Cash Flow – Investing Activities

 

Net cash used in investing activities in the six months ended March 31, 2022 and 2021 was $9,500 and $0, respectively.

 

Accounts Receivable and Allowance for Doubtful Account Receivable

 

Accounts receivable are recorded at net realizable value. We determine provisions for uncollectible accounts, sales returns, and claims based upon factors including the credit risk and activity of specific distributors and resellers, historical trends, and other information. If we become aware of a specific distributor’s or reseller’s inability to meet its financial obligations, bad debt charges are recorded based on an overall assessment of past due accounts receivable outstanding. In the opinion of management, a provision was deemed necessary for uncollectible accounts.

 

Inventory

 

The cost of inventory using the standard cost method, which approximates actual cost based on a first-in, first-out method.
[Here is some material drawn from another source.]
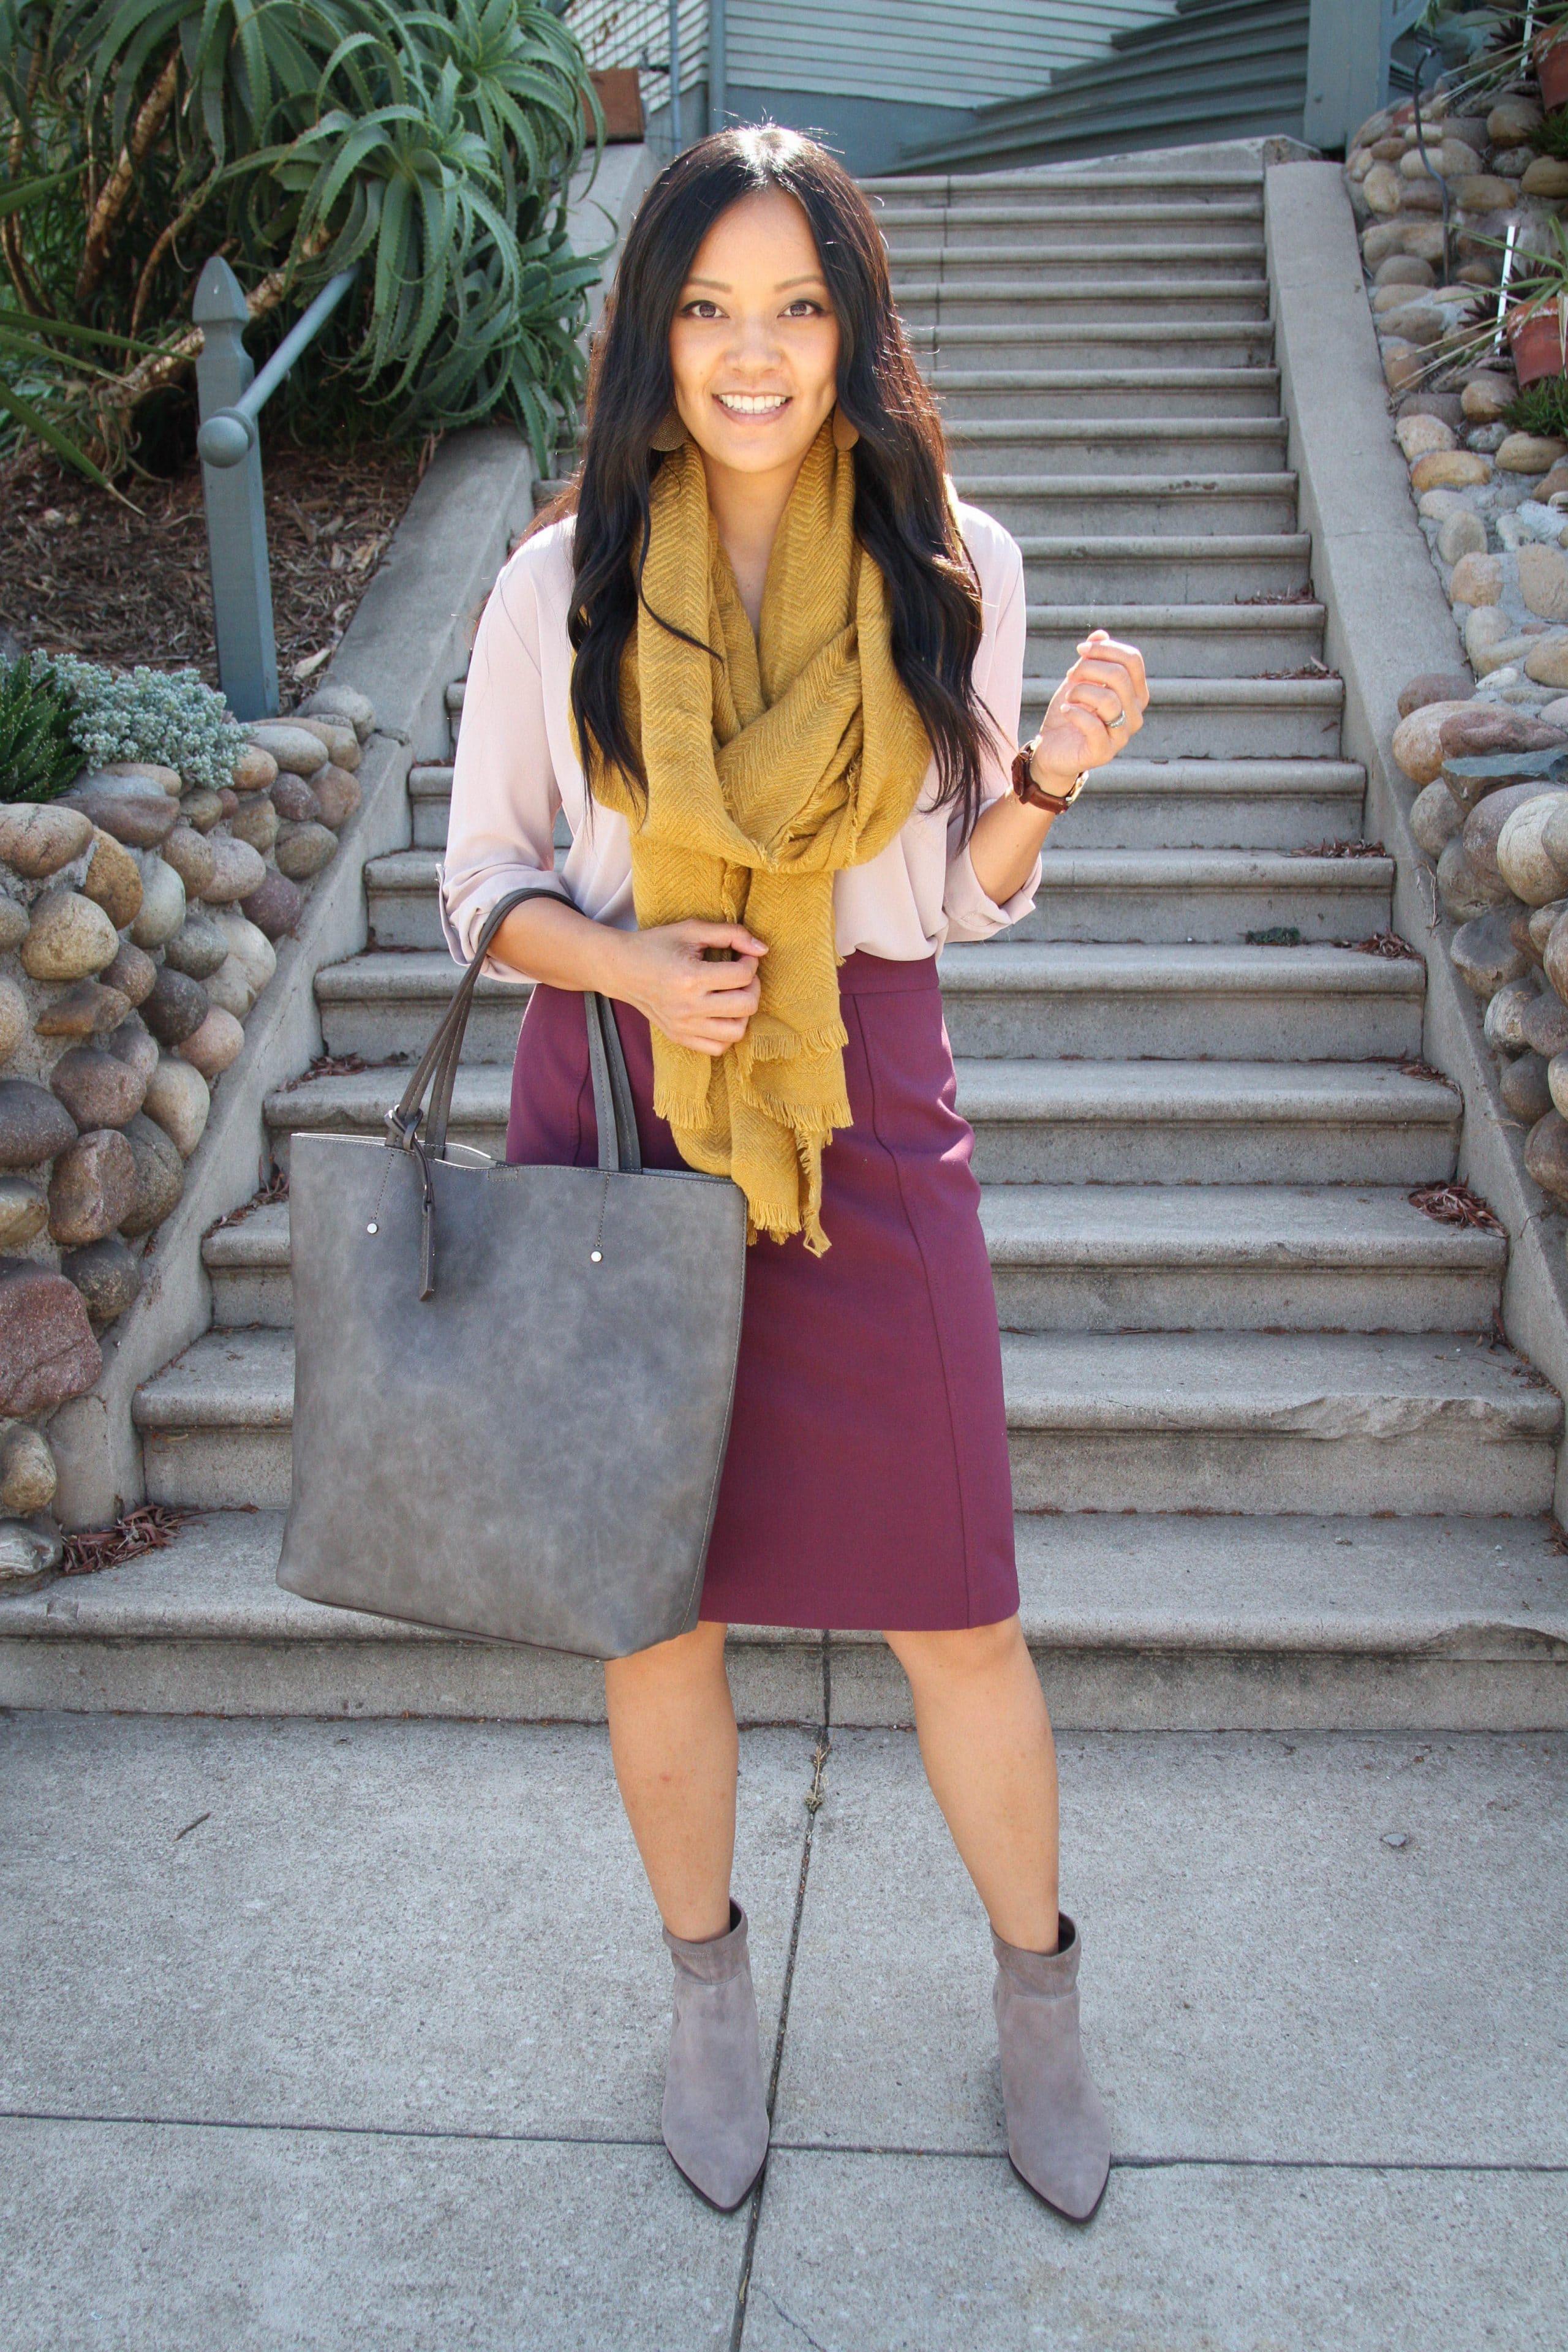 Mustard Scarf + Blush Top + Maroon Skirt + Gray Bag + Booties
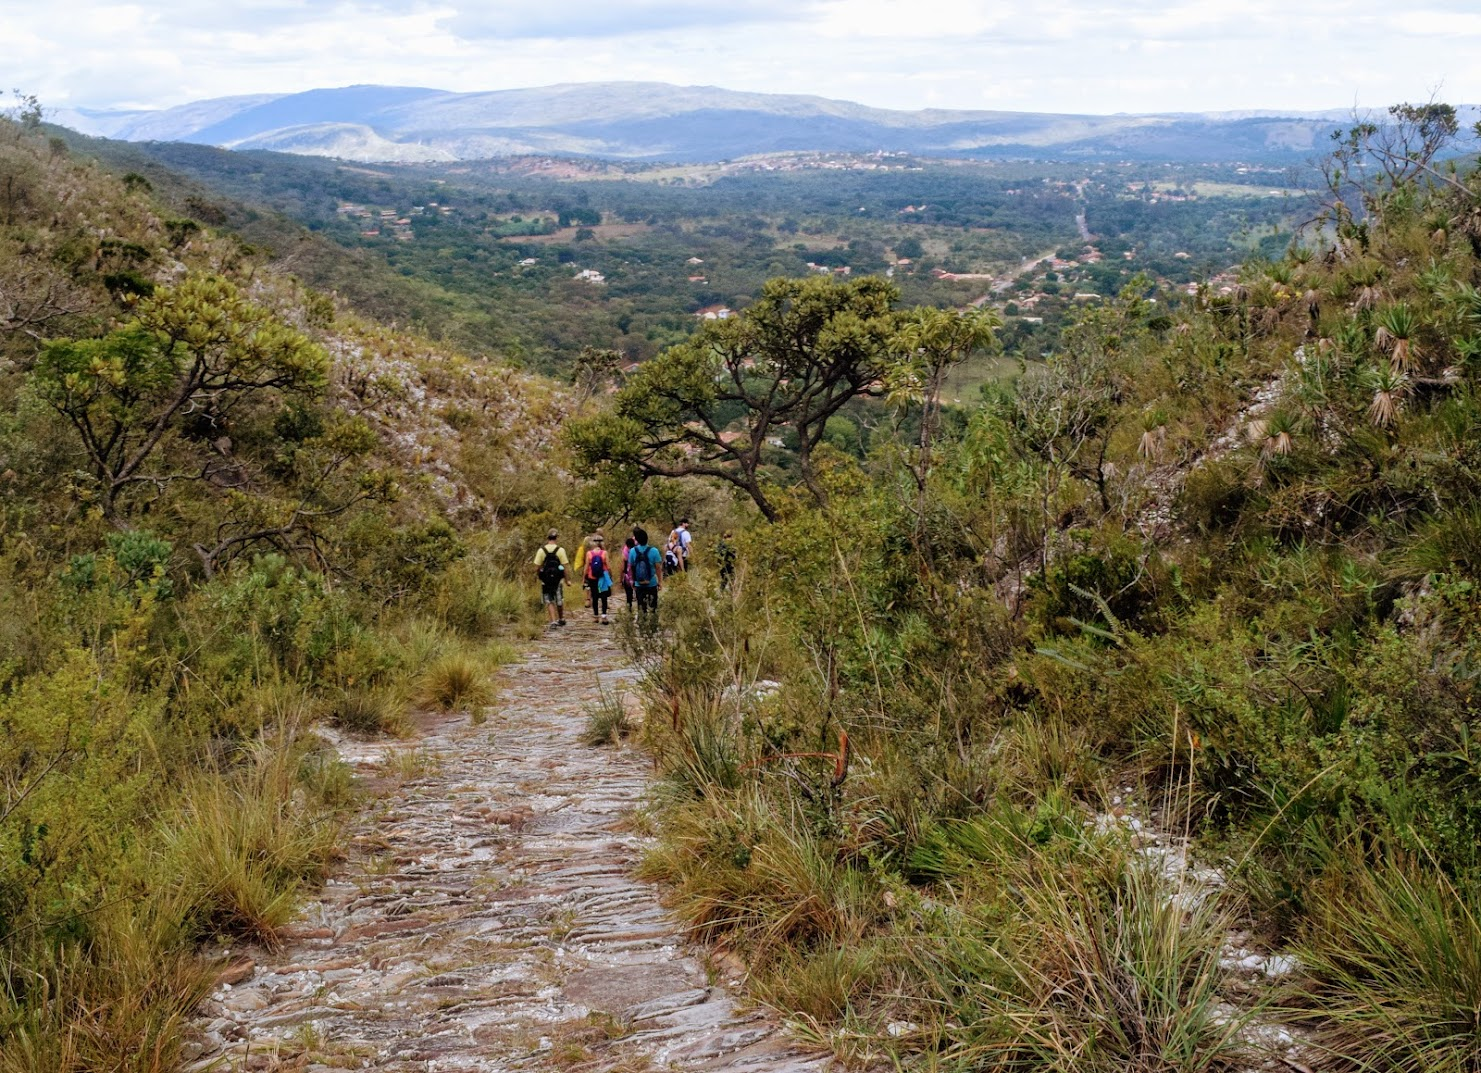 Descida para finalizar a Trilha dos Escravos, com vista para o distrito de Serra do Cipó

Our inventories are valued at the lower of cost or net realizable value. Our inventory consists almost entirely of finished and unfinished goods, and freight, which include CBD creams, oils, capsules, and sprays. We periodically evaluate and adjust inventories for obsolescence. In the opinion of management, no provision for obsolescence is deemed necessary. The shelf life of all beverage inventory is two years. As of March 31, 2022, we had approximately $952,113 of product in inventory, which was an increase of approximately $31,301, compared to approximately $920,812 at March 31, 2021. We expect the balance of inventory to increase in direct relation to the increase in sales that we expect.

 

Goodwill and Intangible Assets

 

Goodwill arises from business combinations and is generally determined as the excess of the fair value of the consideration transferred, plus the fair value of any noncontrolling interests in the acquiree, over the fair value of the net assets acquired and liabilities assumed as of the acquisition date. Goodwill acquired in a purchase business combination and determined to have an indefinite useful life are not amortized, but tested for impairment at least annually or more frequently if events and circumstances exists that indicate that a goodwill impairment test should be performed. We have selected December 31 as the date to perform the annual impairment test.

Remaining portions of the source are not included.